I audited a dressage clinic.
Actually this was a symposium, meaning the first half of the day was discussion on riding theory, held in a classroom, and the second half of the day was the part with the actual riding. So truthfully, this was the first symposium I've been to. The other two times were clinics, where riding was done all day and there were no separate theory classes.
Anyway, it was wonderful. I thoroughly enjoyed it. Took pages and pages and pages of notes during theory, and a couple more pages while watching the riders and listening to the clinician teach them specifically.
It was held at Albion College and the clinician was Charles de Kunffy. Not sure how many non-dressage horse people (heck, even how many dressage people under forty) know that name. He's very old school. Which is part of why I totally loved listening to him and watching him teach. I'm pretty old school in my riding.
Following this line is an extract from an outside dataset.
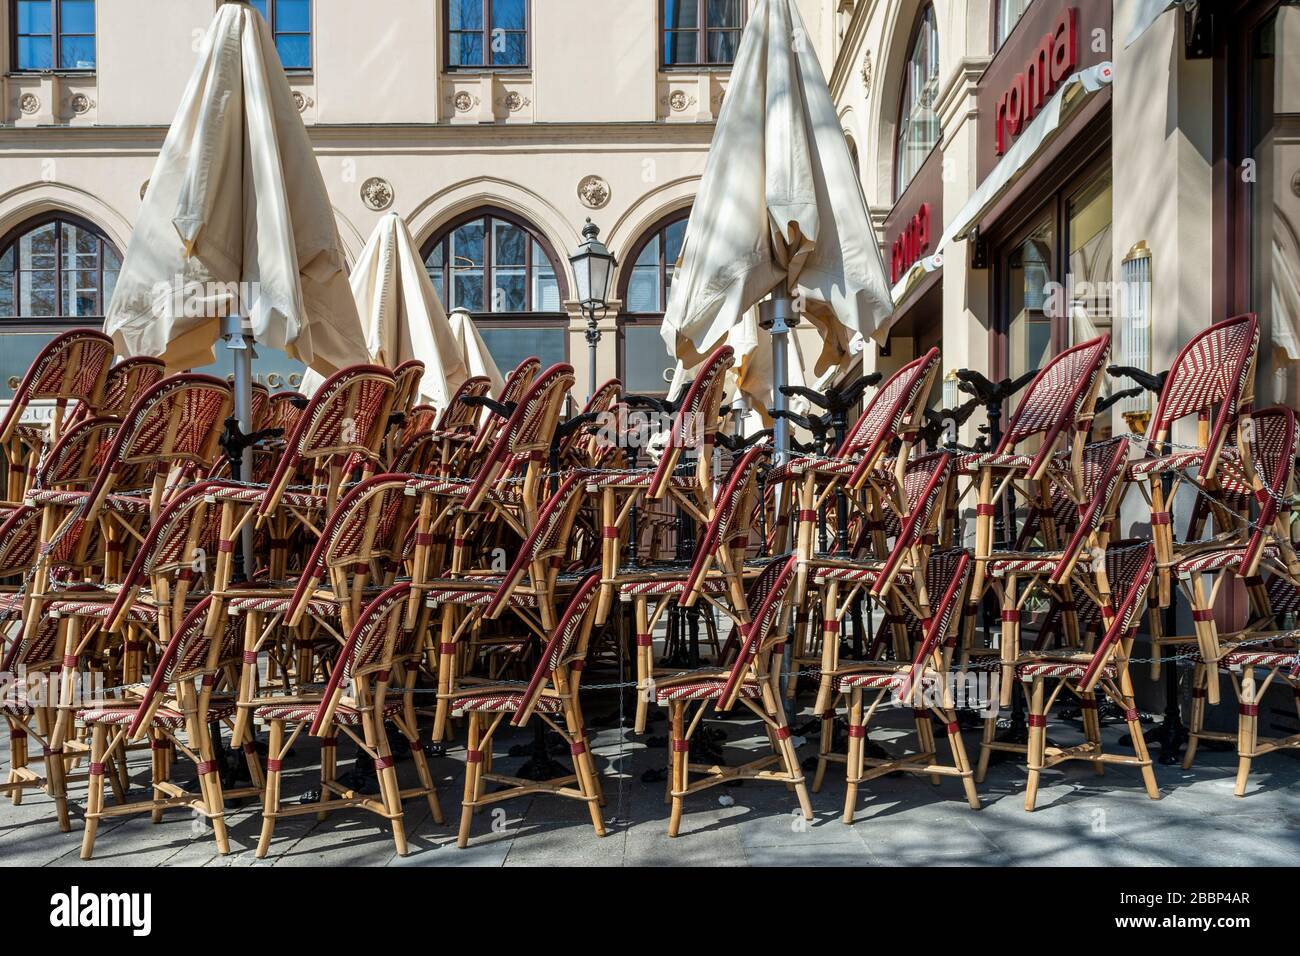 München ¬- Bayern - Deutschland, 1. April 2020: Leer geschlossene Restaurants und Bars, wegen Abschaltung wegen Corona-Virus Stockfoto
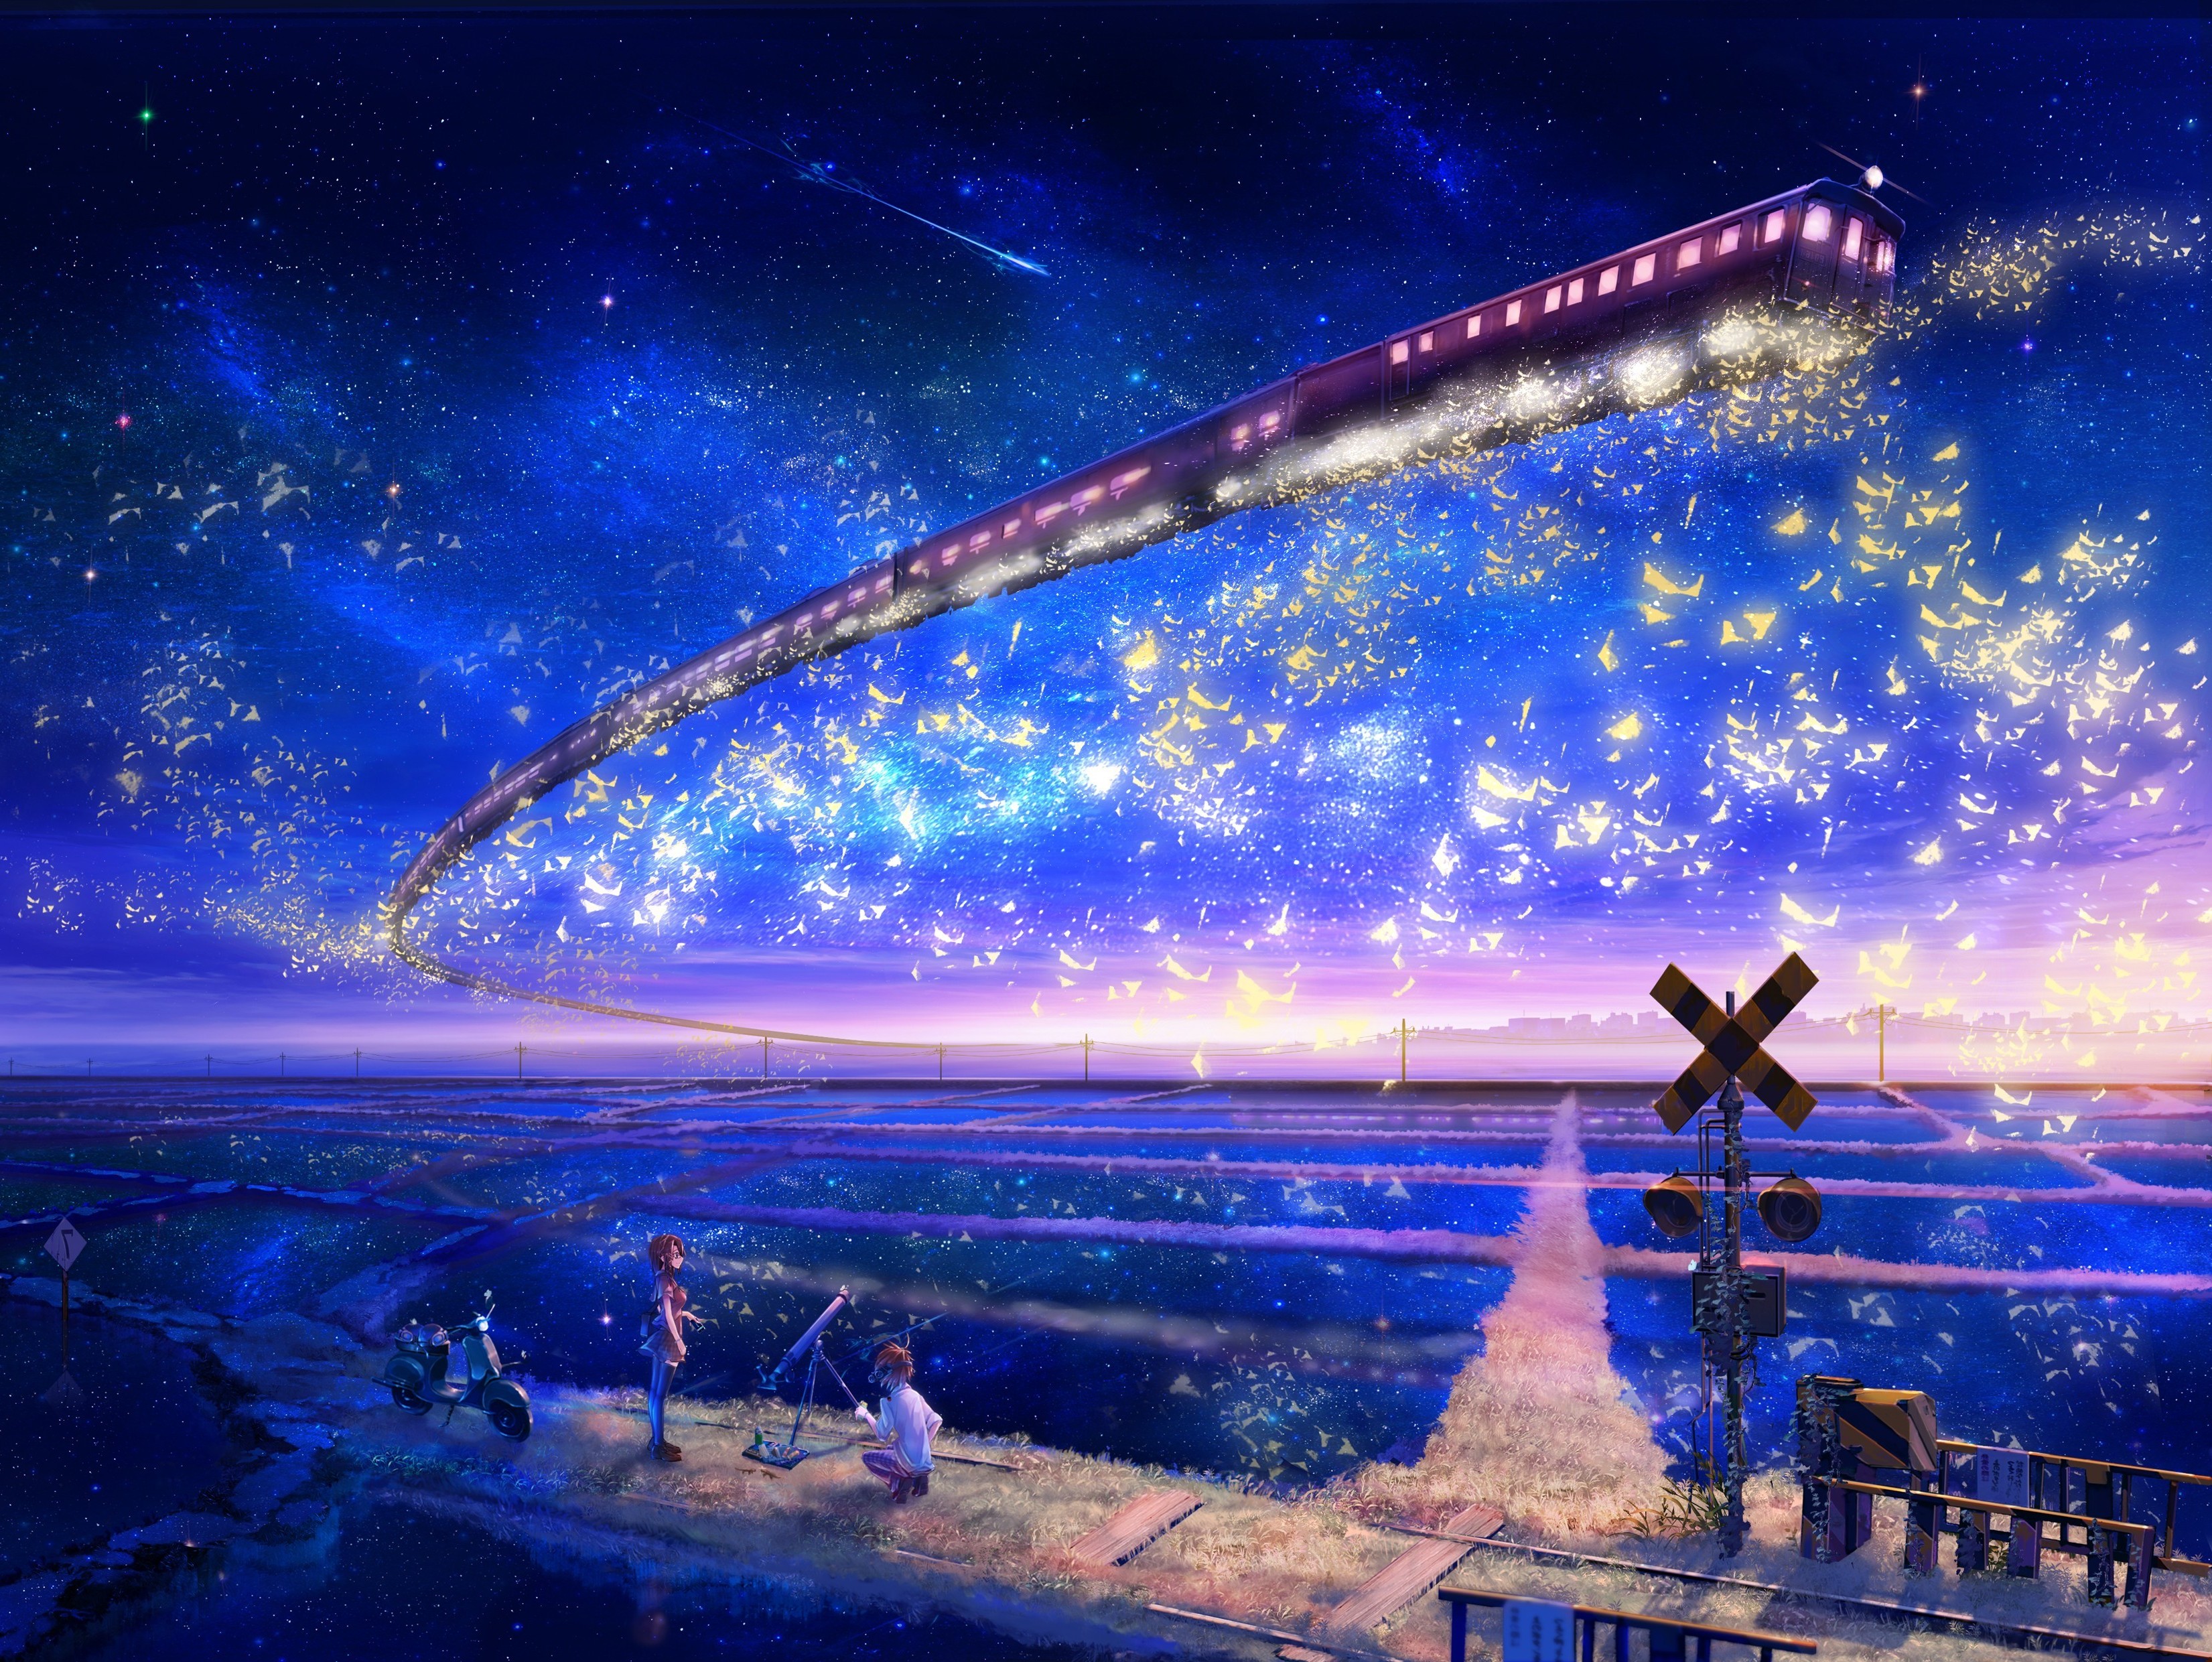 nacht anime wallpaper,himmel,atmosphäre,cg kunstwerk,platz,horizont

I could go on and on about the things he said, but then this blog post would be gushing over things most readers aren't interested in and probably wouldn't understand. Let's just suffice it to say he teaches with a lot of humor and is easy to relate to. Never mind that he was born into European nobility pre-WWII, and I was born into working class people in Michigan in 1971; his words and word pictures had no age or status gap. So much wisdom to impart.
instructing a rider
Any serious riders, dressage or otherwise, I would highly recommend attending a clinic or symposium with him if you get the chance. Although if you live in a northern climate, the chances might be few and far between. We had a cold spell over the weekend, with snow on Saturday, and he made a comment about how he preferred to only teach in climates "where bananas ripen". If I hear of him coming this far again, I will definitely be in attendance!
view on my drive home;
bananas definitely don't ripen here.
Sunday continued my horsey weekend goodness. I worked the Quarter Horse, and then, by chance, met a lady who runs a dressage barn about 15 miles away from this little place here. She inquired about some hay I have for sale, and ended up coming to purchase an amount of it that evening. Small talk while throwing bales from my barn loft into her truck bed turned up a few names that we both knew, some common denominators (she once trained at a barn I boarded at, decades before I boarded there under different owners) and similar horse-related experiences. We seemed to hit it off pretty well, and I might possibly be taking a riding lesson (or more than one) from her in the future since I am desiring a dressage instructor to touch base with now and then.
All in all, I'd say it was one of the best horse related weekends I've had in a long, long time. Not to dis my family, they are great and I love them all. But not one of them can carry on an intelligent conversation when it comes to horses, let alone about dressage. Sometimes you just gotta hang out with people like you. You know what I mean?